Symbolism, Imagery, Allegory
Things seem like they'd be bad enough in Age of Iron even without throwing a terminal disease into the mix, wouldn't you say? So what's up with the fact that Mrs. Curren has to be dying from cancer while everything around her goes so terribly wrong, too? Lucky for us, Mrs. Curren gives us a couple of clues that link what's happening in the outside world to the disease that's running rampant inside her body. Let's take a look at things from her perspective as she tells John about her disease:
You know I am sick. Do you know what is wrong with me? I have cancer. I have cancer from the accumulation of shame I have endured in my life. That is how cancer comes about: from self-loathing the body turns malignant and begins to eat away at itself. (3.473)
Where does this cancer-causing shame come from? Probably from being a white person who's privileged at the expense of others because she lives in a society that oppresses non-whites. (And, by the way, for all you future doctors out there, we know shame doesn't actually cause cancer – it's a metaphor.)

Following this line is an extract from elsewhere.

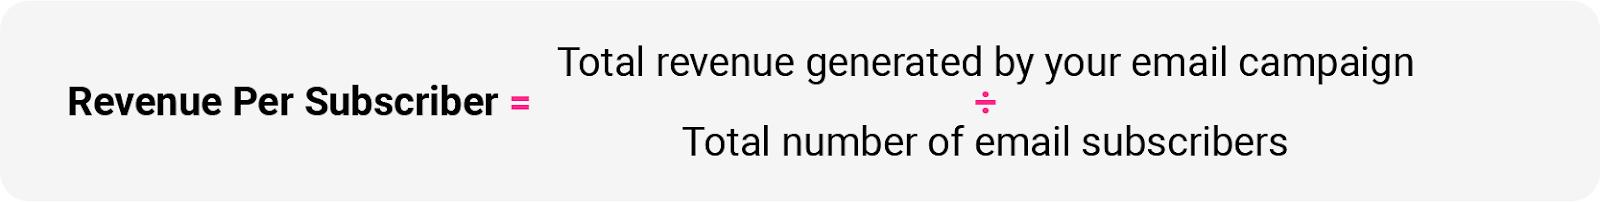 email_marketing_revenue_per_contact

So, what do cancer and Apartheid have in common? Well, let's simplify Apartheid and just call it hate. OK, so now, what do cancer and hate have in common? Well, for one thing, when either cancer or hate gets out of control, the results can be deadly. When cancer grows out of control, it kills a person from inside. And when hate grows out of control, as we see all too clearly, people kill one another and numerous others suffer. (You could also look at the country of South Africa as being riddled with the disease of hate, which is killing it from the inside.) It seems, then, that when Coetzee chose to create a character that's dying of cancer, he didn't do so to increase the amount of suffering we see in the novel. Instead, we'd like to argue that he gave Mrs. Curren cancer in order to create a localized and highly personal storyline that would resonate well alongside a really huge and hard-to-tackle subject like Apartheid.